ARROW: An Adaptive Rollout and Routing Method for Global Weather Forecasting
Abstract
Weather forecasting is a fundamental task in spatiotemporal data analysis, with broad applications across a wide range of domains. Existing data-driven forecasting methods typically model atmospheric dynamics over a fixed short time interval, e.g., 6 hours, and rely on naive autoregression-based rollout for long-term forecastsing, e.g., 5 days. However, this paradigm suffers from two key limitations: (1) it often inadequately models the spatial and multi-scale temporal dependencies inherent in global weather systems, and (2) the rollout strategy struggles to balance error accumulation with the capture of fine-grained atmospheric variations.
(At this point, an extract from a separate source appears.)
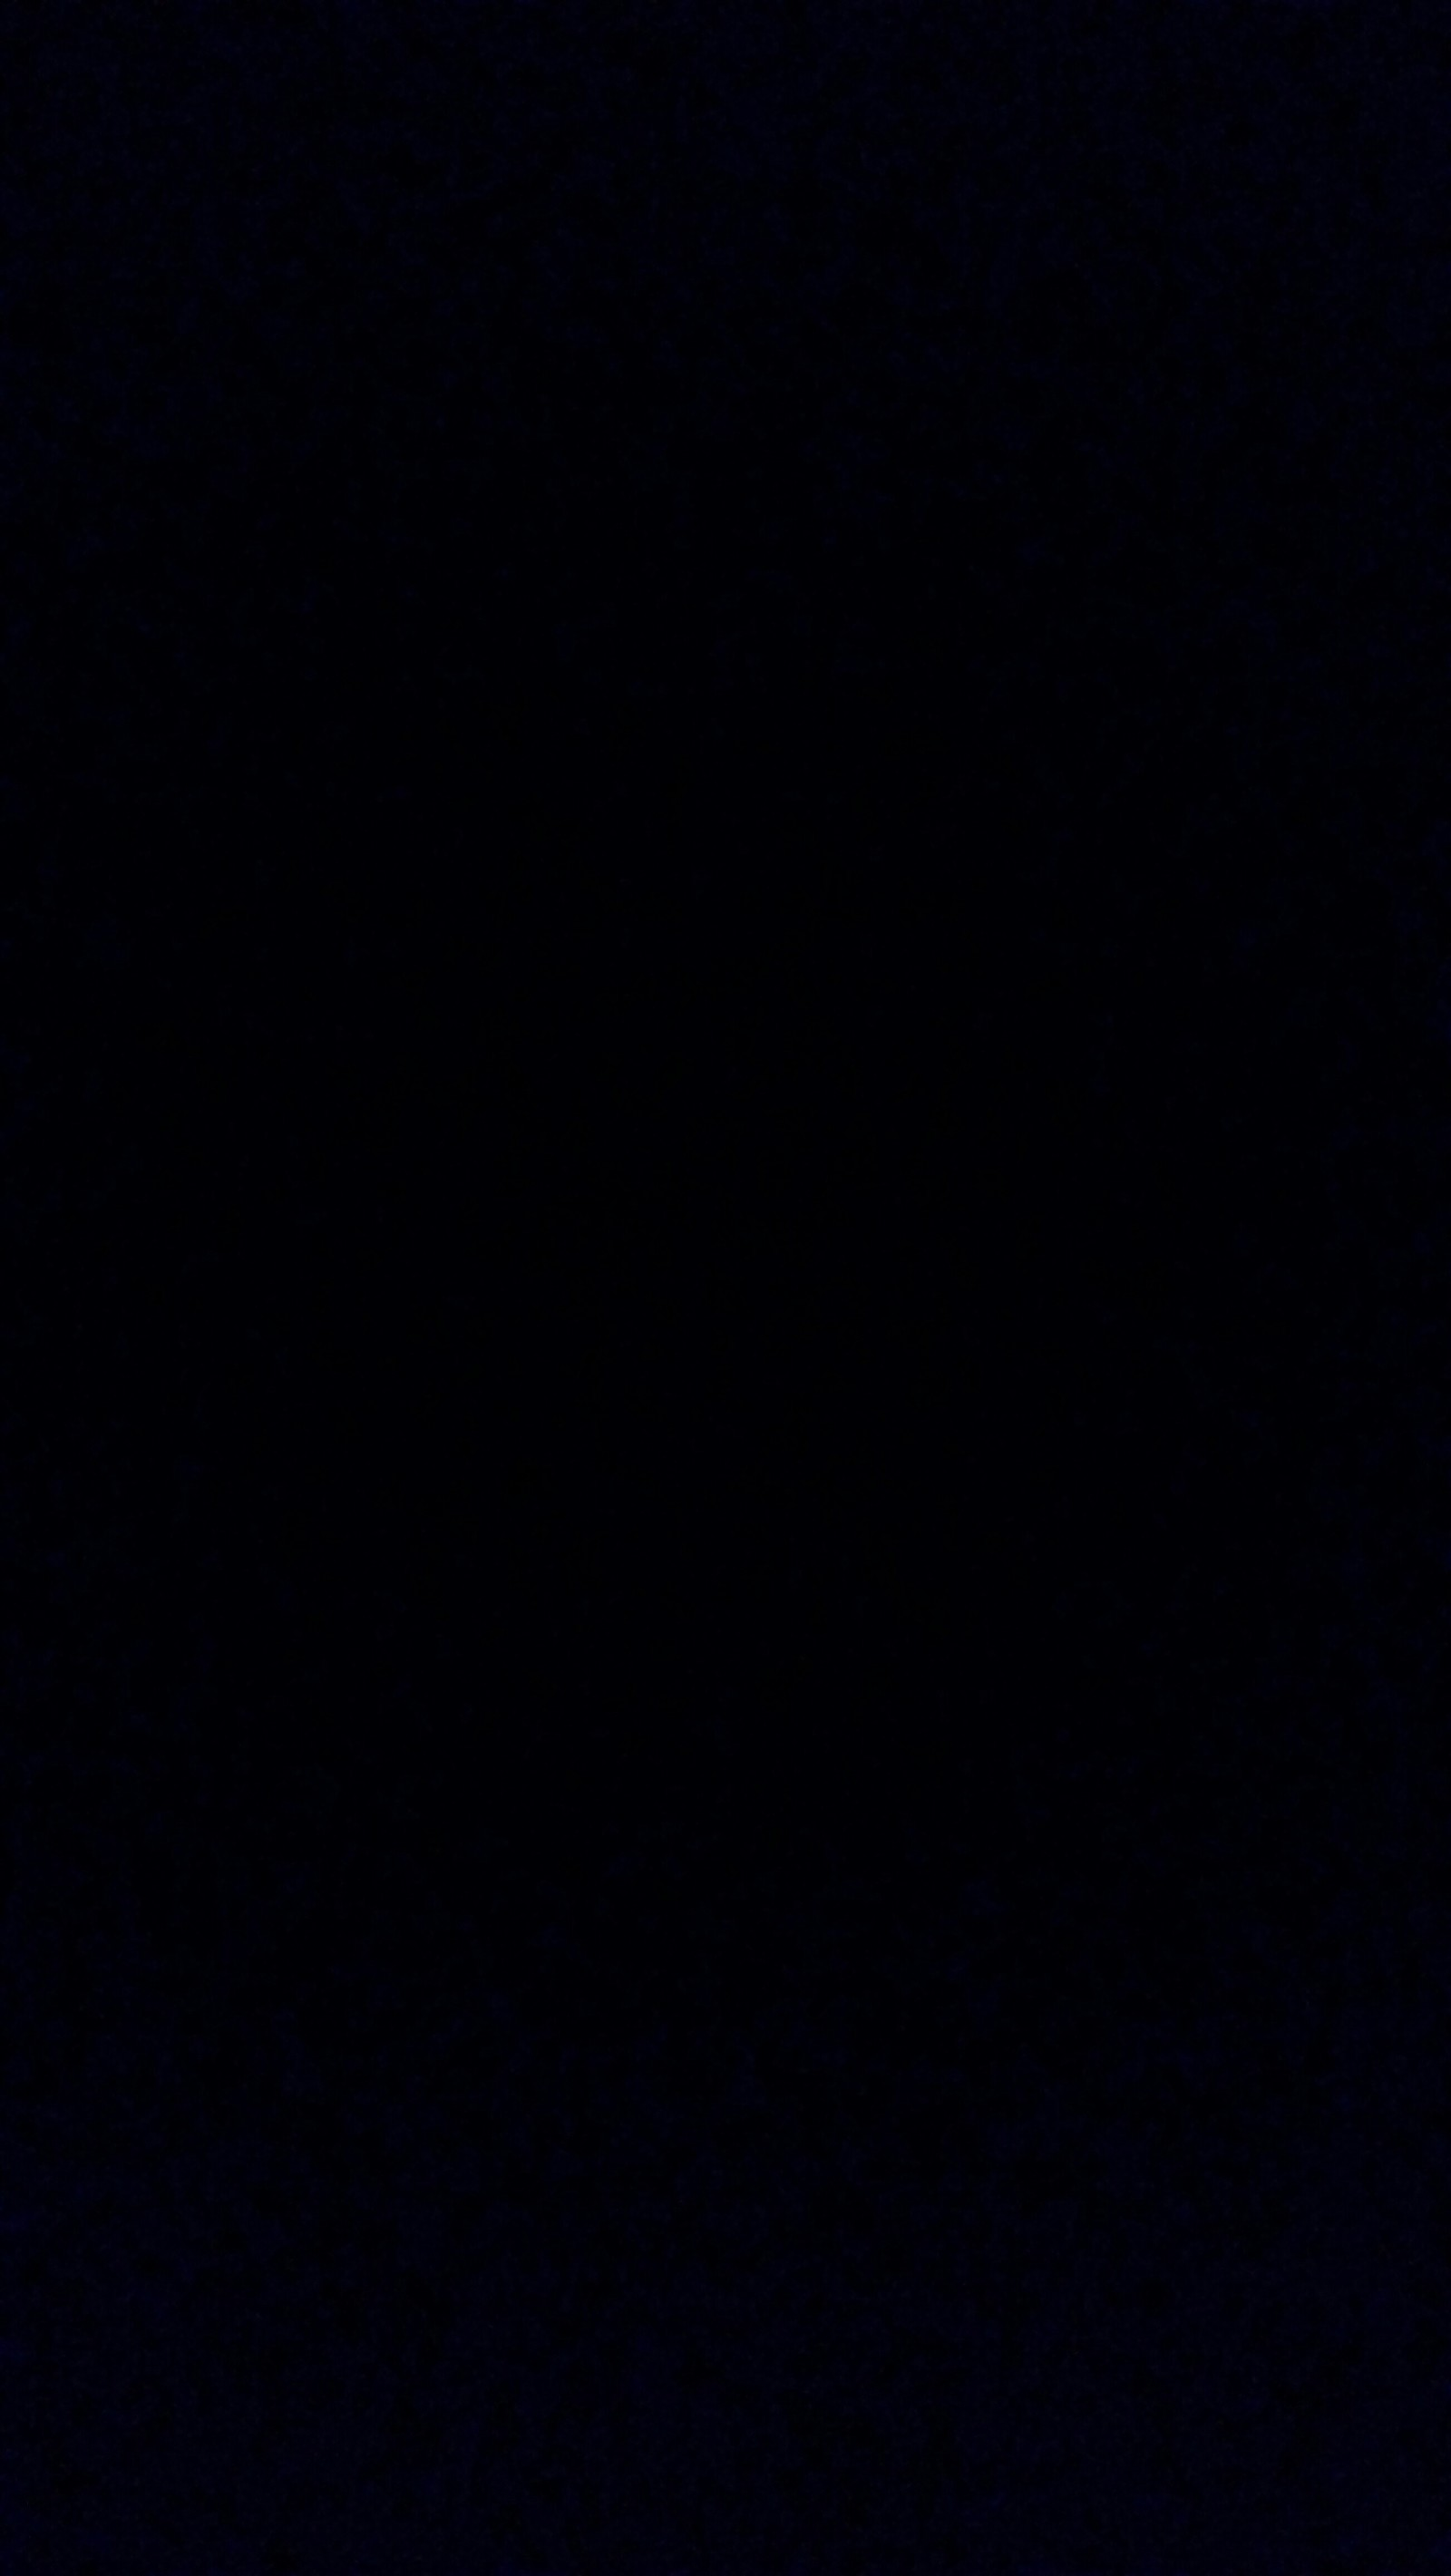 Темнота — википедия. что такое темнота
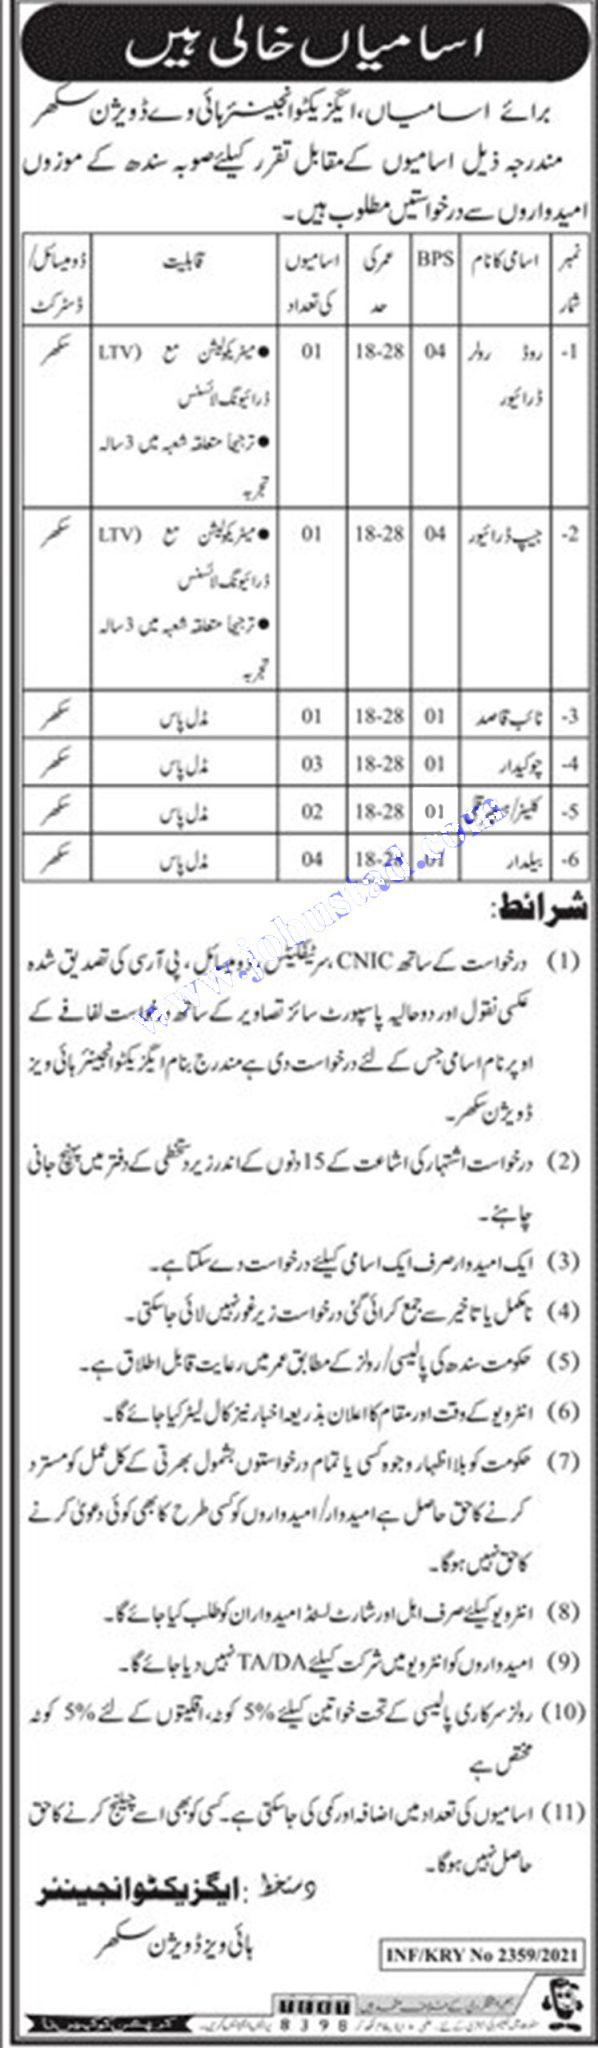 Highways Department Jobs 2021 | Govt of Sindh Jobs Latest Advertisement

In this study, we propose ARROW, an Adaptive-Rollout Multi-scale temporal Routing method for Global Weather Forecasting. To contend with the first limitation, we construct a multi-interval forecasting model that forecasts weather across different time intervals. Within the model, the Shared-Private Mixture-of-Experts captures both shared patterns and specific characteristics of atmospheric dynamics across different time scales, while Ring Positional Encoding accurately encodes the circular latitude structure of the Earth when representing spatial information. For the second limitation, we develop an adaptive rollout scheduler based on reinforcement learning, which selects the most suitable time interval to forecast according to the current weather state. Experimental results demonstrate that ARROW achieves state-of-the-art performance in global weather forecasting, establishing a promising paradigm in this field.